(Exercise requirements) Starting at the line that contains "COMISION DE CONTROL" and stopping at the line that contains "5a75661776b9 Fleecehuvtröja Hurley", restate each line of the records below exactly. Omit the pictures.

(Recorded data)
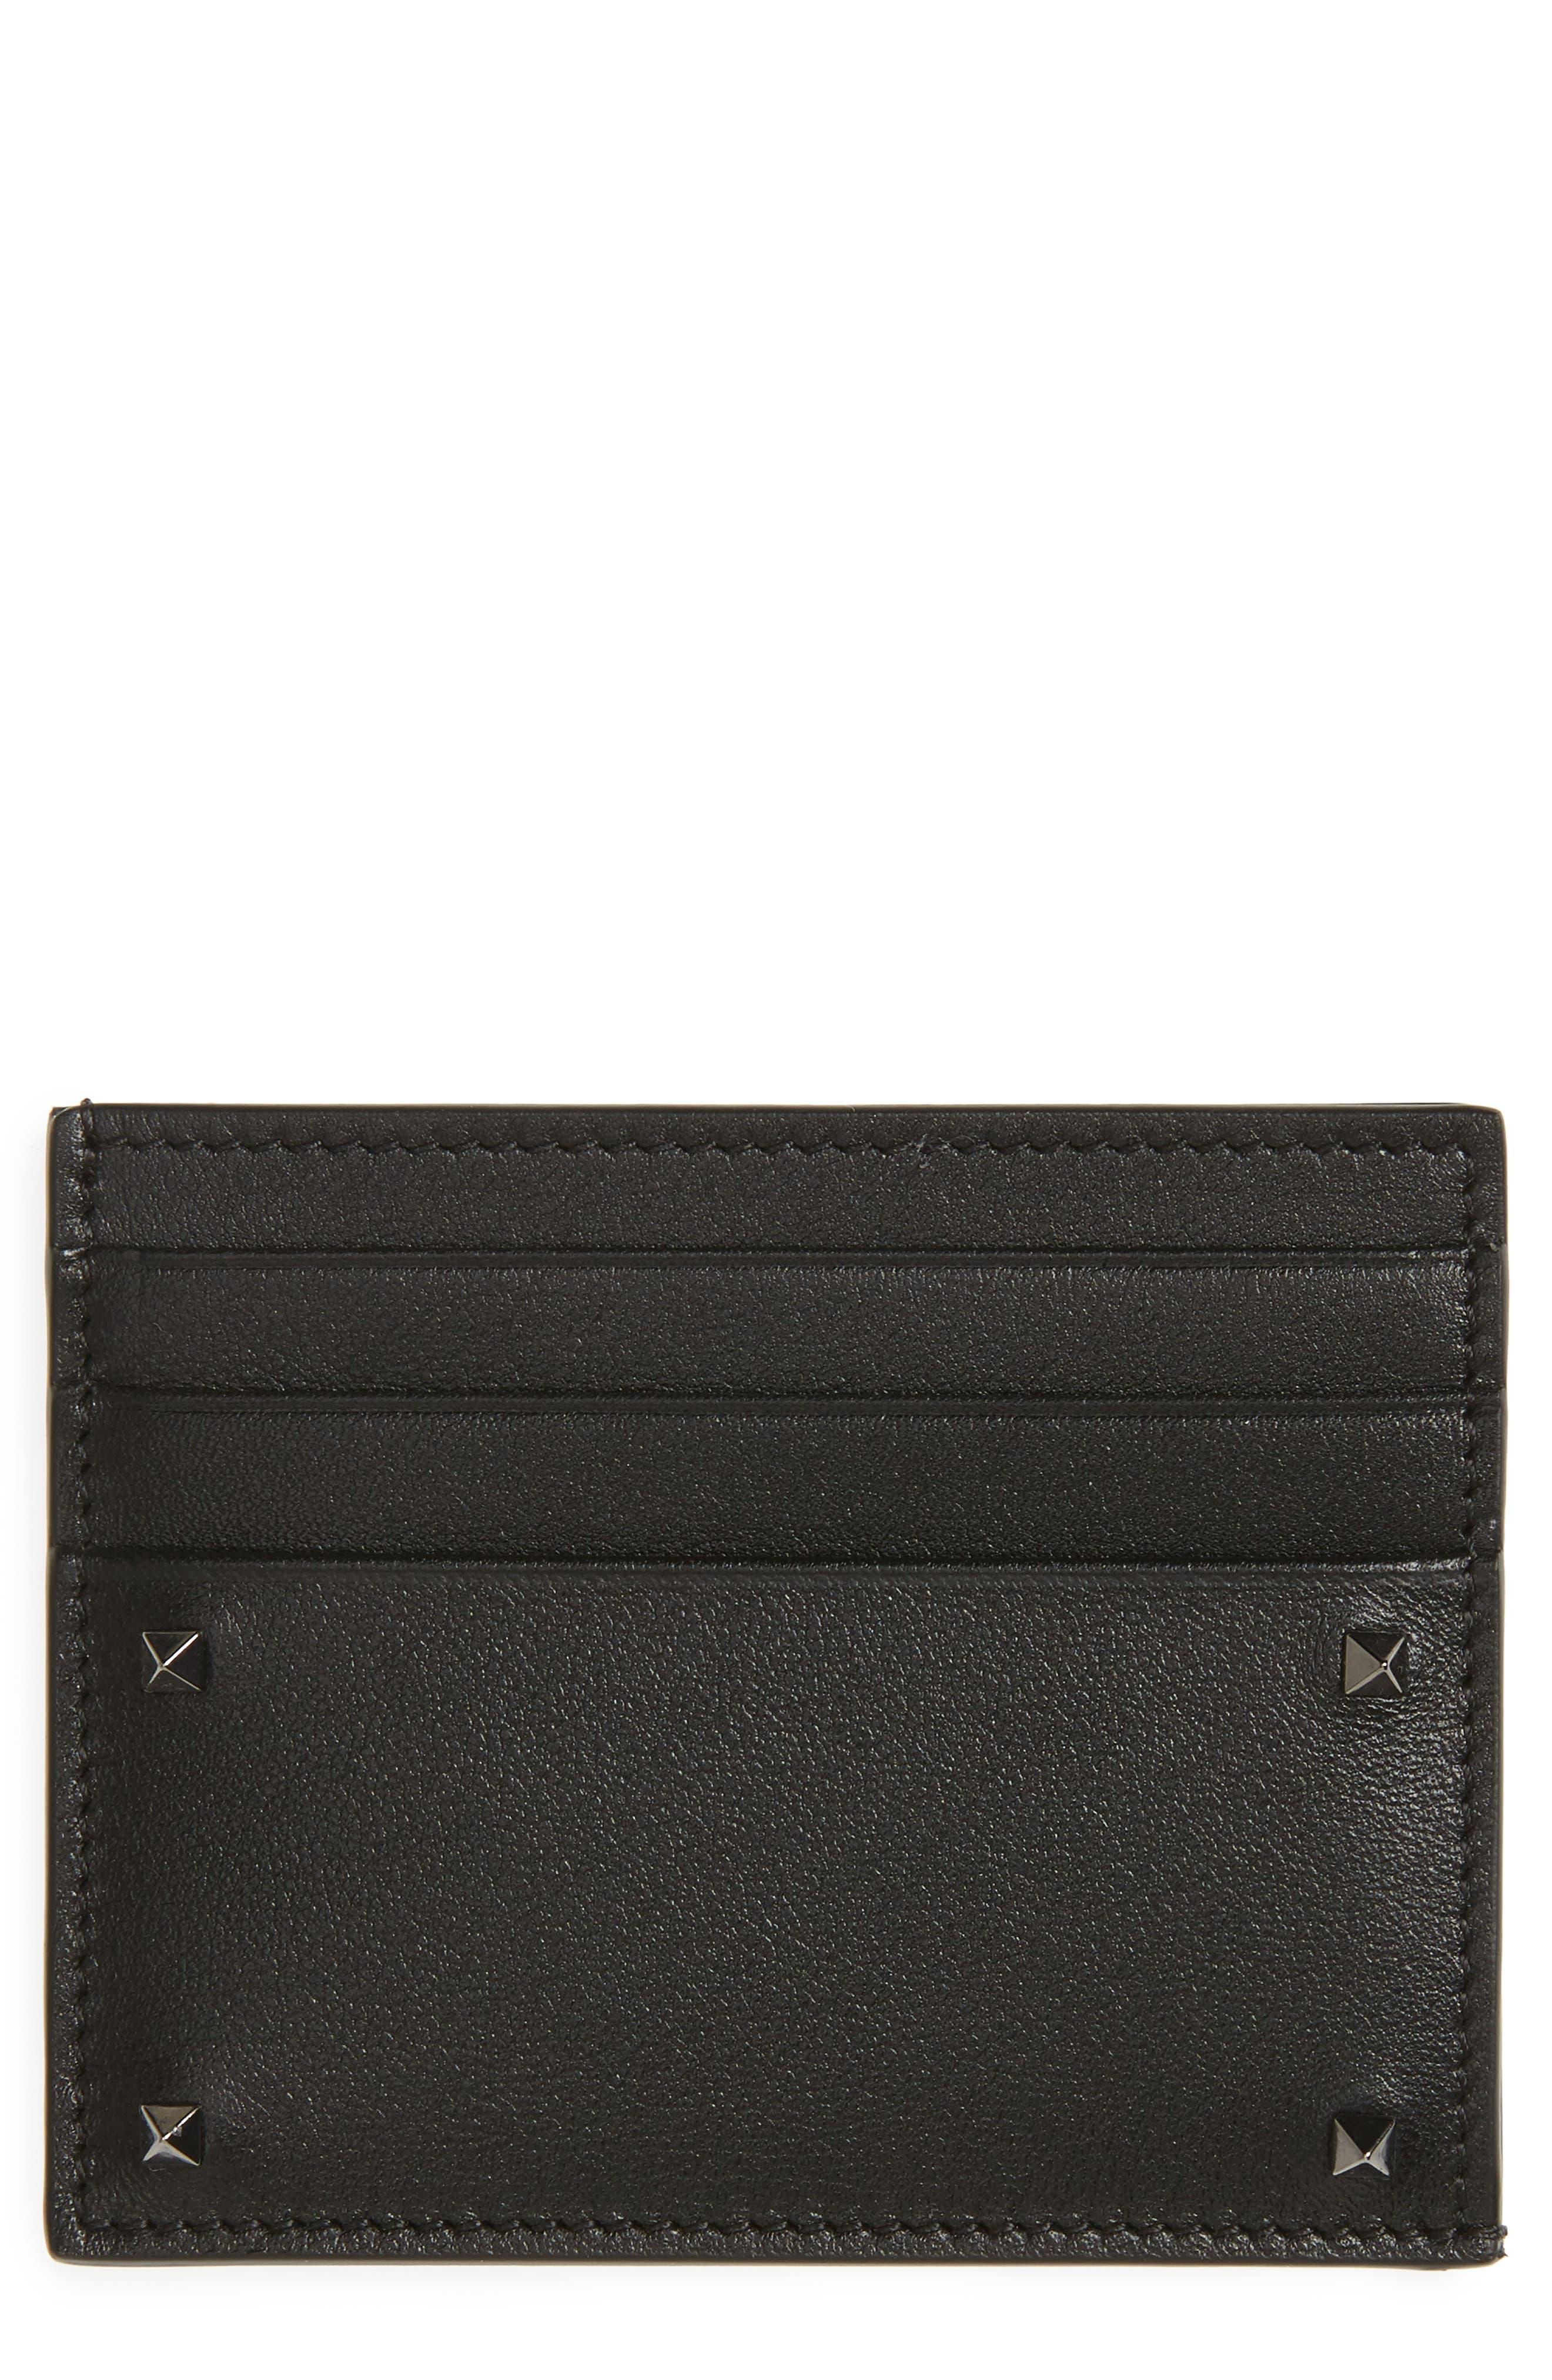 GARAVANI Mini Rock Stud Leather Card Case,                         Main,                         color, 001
==
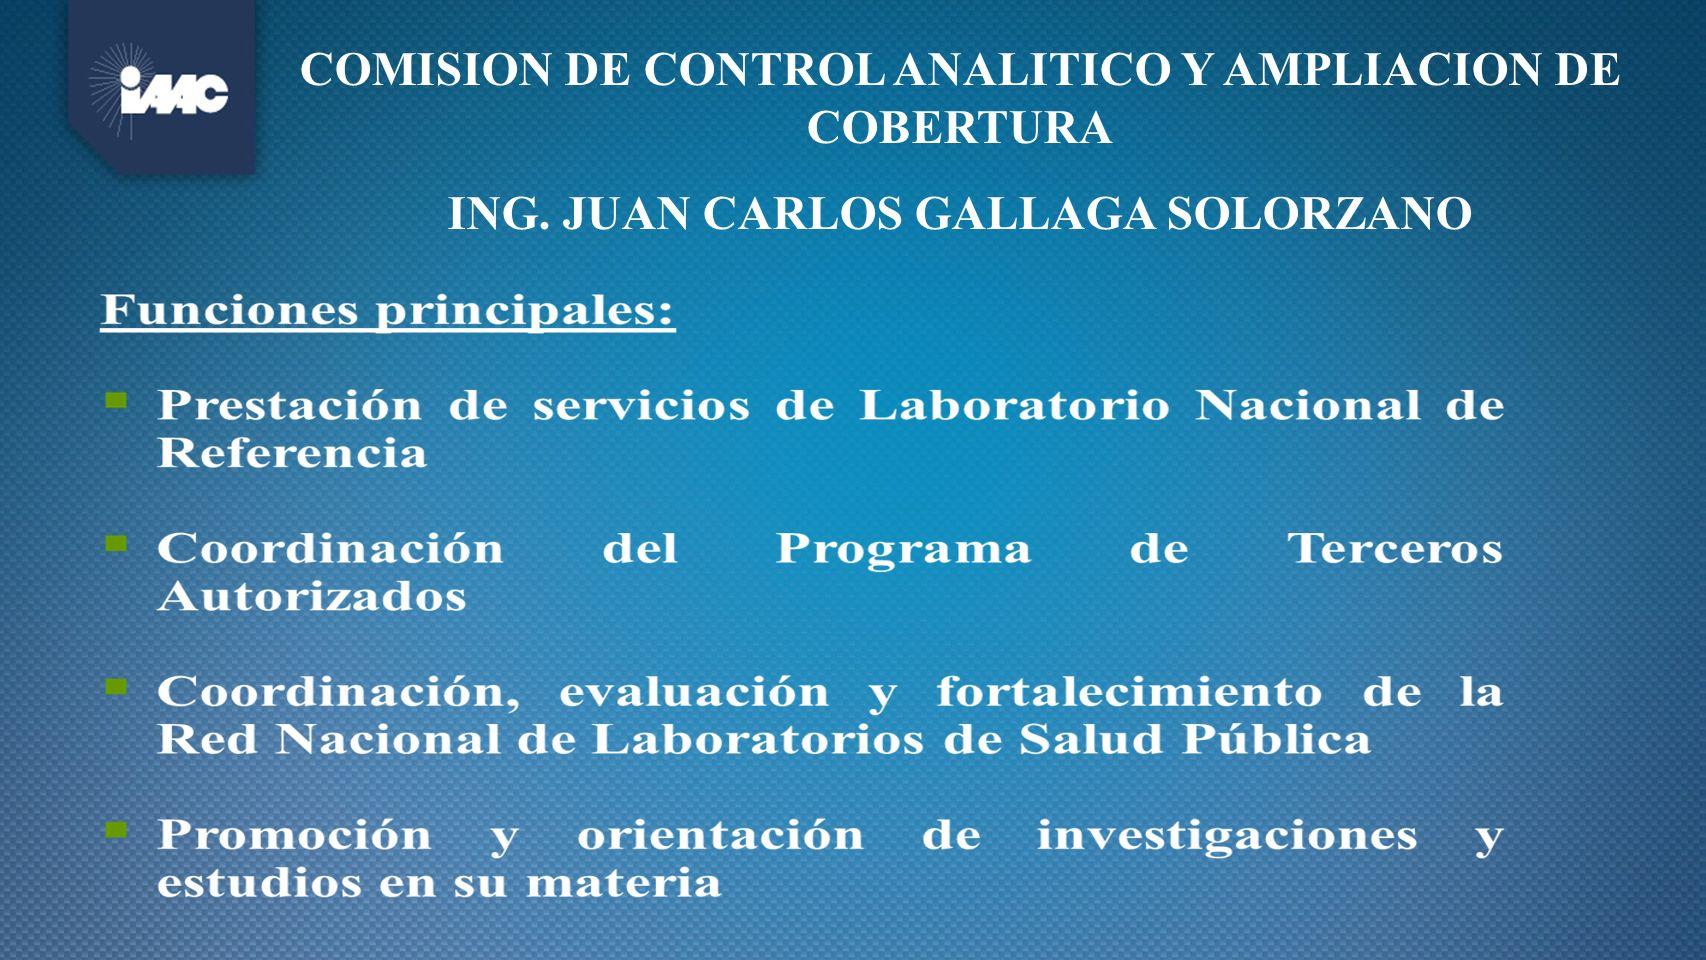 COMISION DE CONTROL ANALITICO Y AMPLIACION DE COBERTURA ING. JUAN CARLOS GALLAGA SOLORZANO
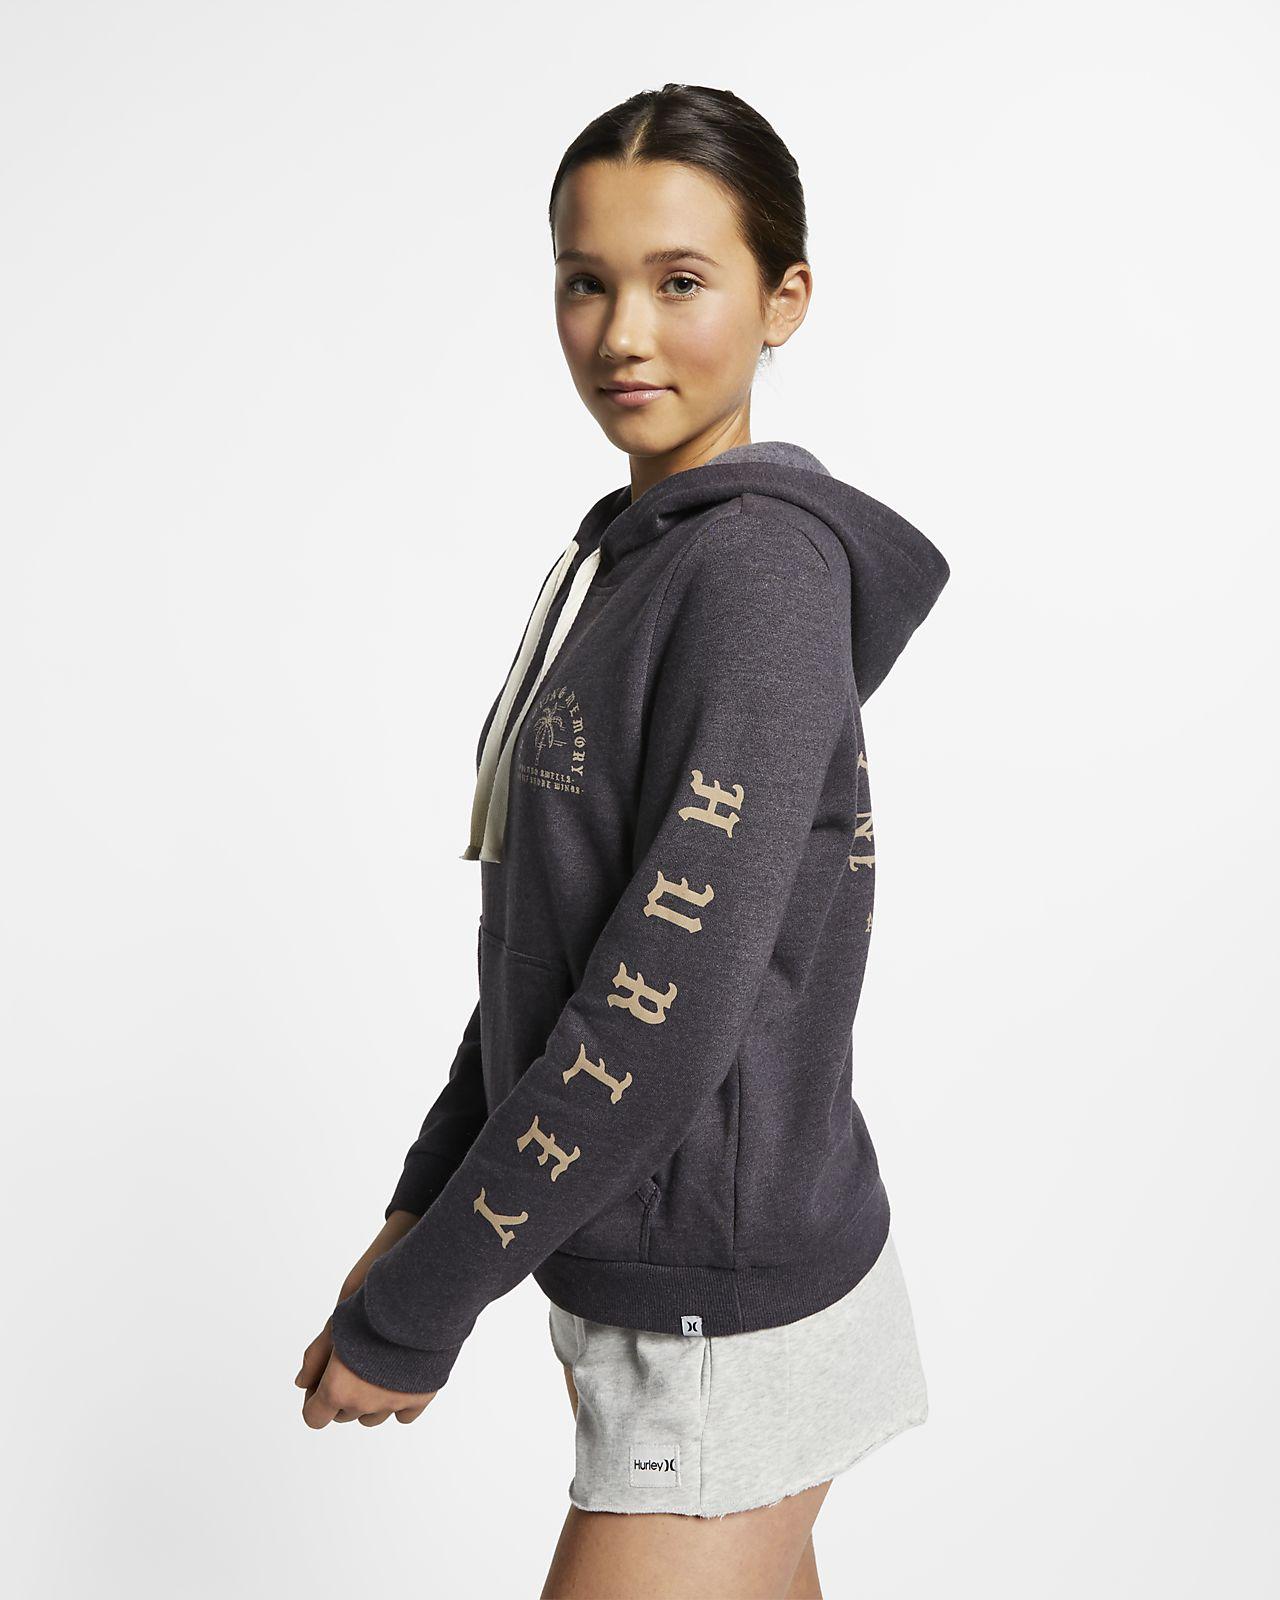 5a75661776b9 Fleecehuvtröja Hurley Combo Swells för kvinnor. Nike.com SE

(Problem solution)
 COMISION DE CONTROL ANALITICO Y AMPLIACION DE COBERTURA ING. JUAN CARLOS GALLAGA SOLORZANO
 5a75661776b9 Fleecehuvtröja Hurley Combo Swells för kvinnor. Nike.com SE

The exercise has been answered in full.